The modern job search is an overwhelming and repetitive grind. Candidates pour countless hours into tailoring resumes and filling out redundant forms, only to be met with silence or, if they're lucky, the cold efficiency of a templated rejection. It's the kind of email that lands in your inbox just moments after you hit 'submit', making it painfully clear your application was never even seen by human eyes. This cycle consumes valuable time that could be better spent preparing for interviews, developing new skills, or building professional networks.

Chameleon was built to confront this challenge. It's not just an automation tool, but a strategic assistant designed to give you back control. By leveraging the power of Large Language Models (LLMs), Chameleon intelligently handles the most tedious parts of the application process, from resume customization to filling out complex forms.

Our goal is to let you focus your energy on what truly matters: making valuable connections, showcasing your talent in interviews, and landing the role you truly deserve.


A sophisticated, AI-powered framework for automating the job application process across multiple platforms. Chameleon is designed with a robust, maintainable, and scalable architecture, leveraging modern software engineering principles to go far beyond simple scripting.
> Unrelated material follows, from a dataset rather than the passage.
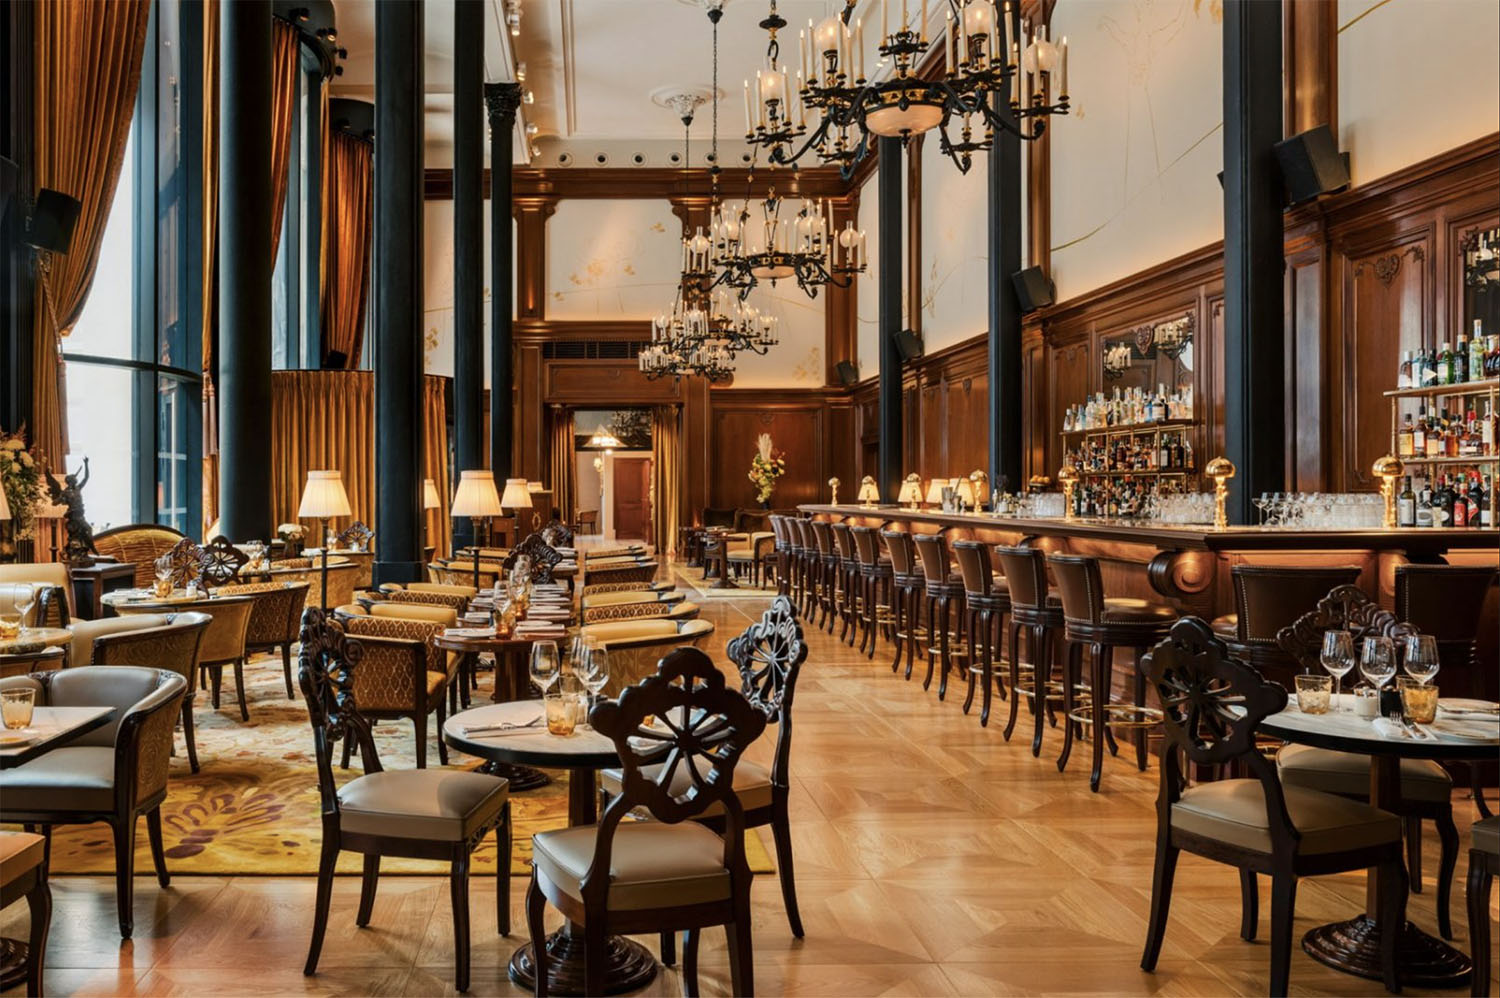 The Belle Epoque inspired interiors of Madame Rêve Cafe with double-height ceilings, wood-paneled walls, leather-cushioned chairs with hand-carved backs, ornate chandeliers and marble top tables
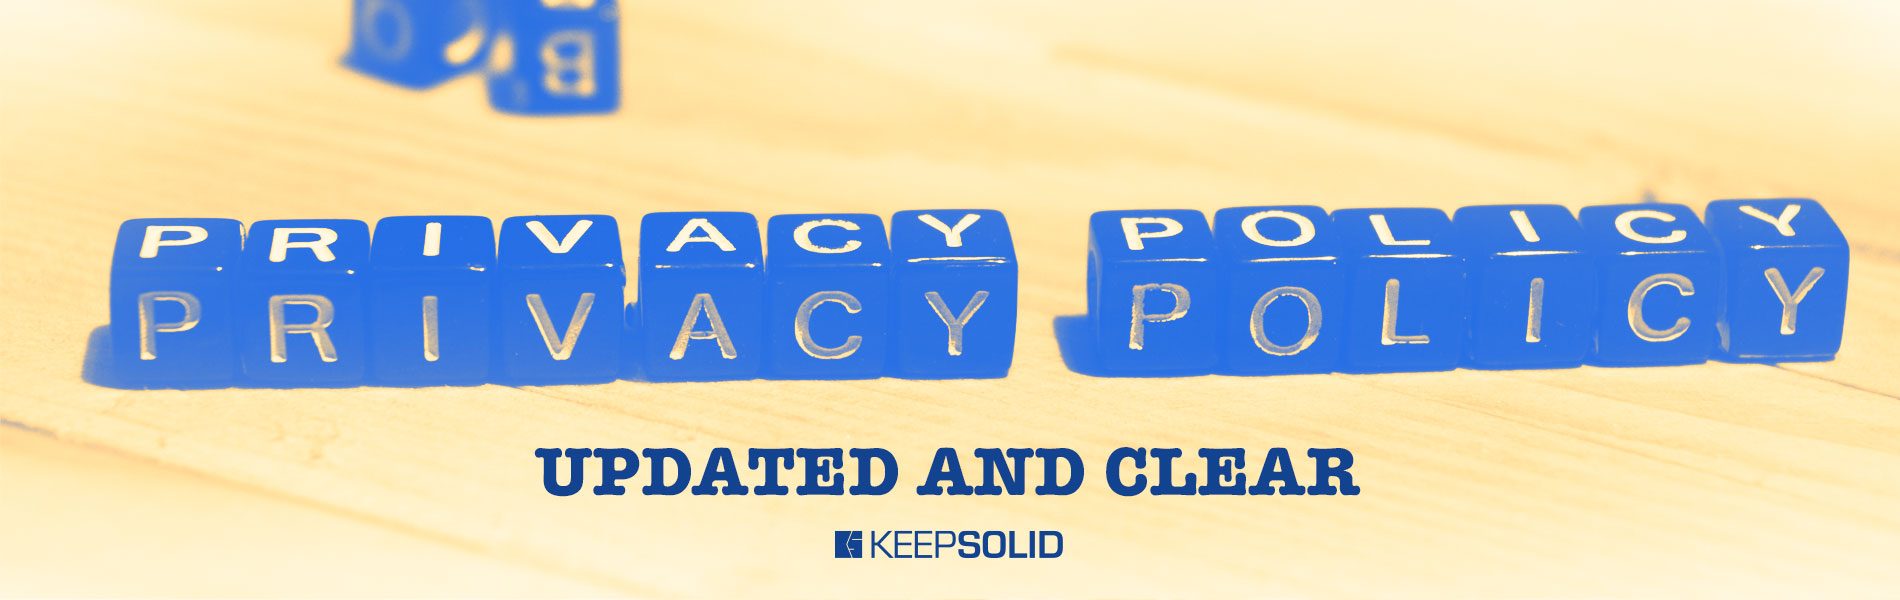 Privacy policy message written on wooden blocks, illustrating the update of KeepSolid Privacy Policy

At its core, Chameleon uses a Large Language Model (LLM) to intelligently tailor your resume and application answers to the specific requirements of each job posting, significantly increasing the relevance and quality of your applications.

✨ Core Features

  • AI-Powered Tailoring: Leverages Google's Gemini models via LangChain to dynamically rewrite resume sections and answer application questions based on job descriptions.
  • Multi-Persona & Multi-Platform: Manage multiple professional personas (e.g., "Software Engineer," "Data Analyst") and apply to jobs on different platforms (initially LinkedIn) from a single, unified configuration.
  • Hexagonal Architecture (Ports & Adapters): The core application logic is completely decoupled from external services, making the system highly testable, maintainable, and easy to extend with new job boards or LLMs.
  • Robust Data Parsing Pipeline: A sophisticated multi-stage pipeline parses complex and volatile API data from LinkedIn's "Easy Apply" forms into a clean, structured format, ensuring reliability even when the source API changes.
  • Intelligent Search Filtering: Employs an LLM-based "Crappy Search Mitigator" to filter out irrelevant job listings that often pollute platform search results, ensuring the bot focuses only on relevant opportunities.
  • Automated Job Tracking: Integrates with Notion to automatically log every application attempt, its status, the job details, and the submitted answers, creating a powerful job tracking database.
  • Dynamic PDF Generation: Creates beautifully formatted, tailored PDF resumes on the fly using XeLaTeX and Jinja2 templates for a professional finish.
  • Full Proxy Support: Integrates with HTTP/S and SOCKS proxies for enhanced privacy and network flexibility.
  • Configuration-Driven: Define personas, search filters, credentials, and templates in a simple personas.yml file. No code changes are needed to alter search strategies.
  • Comprehensive Testing: A strong suite of unit and integration tests ensures reliability and correctness across the complex parsing and application pipeline.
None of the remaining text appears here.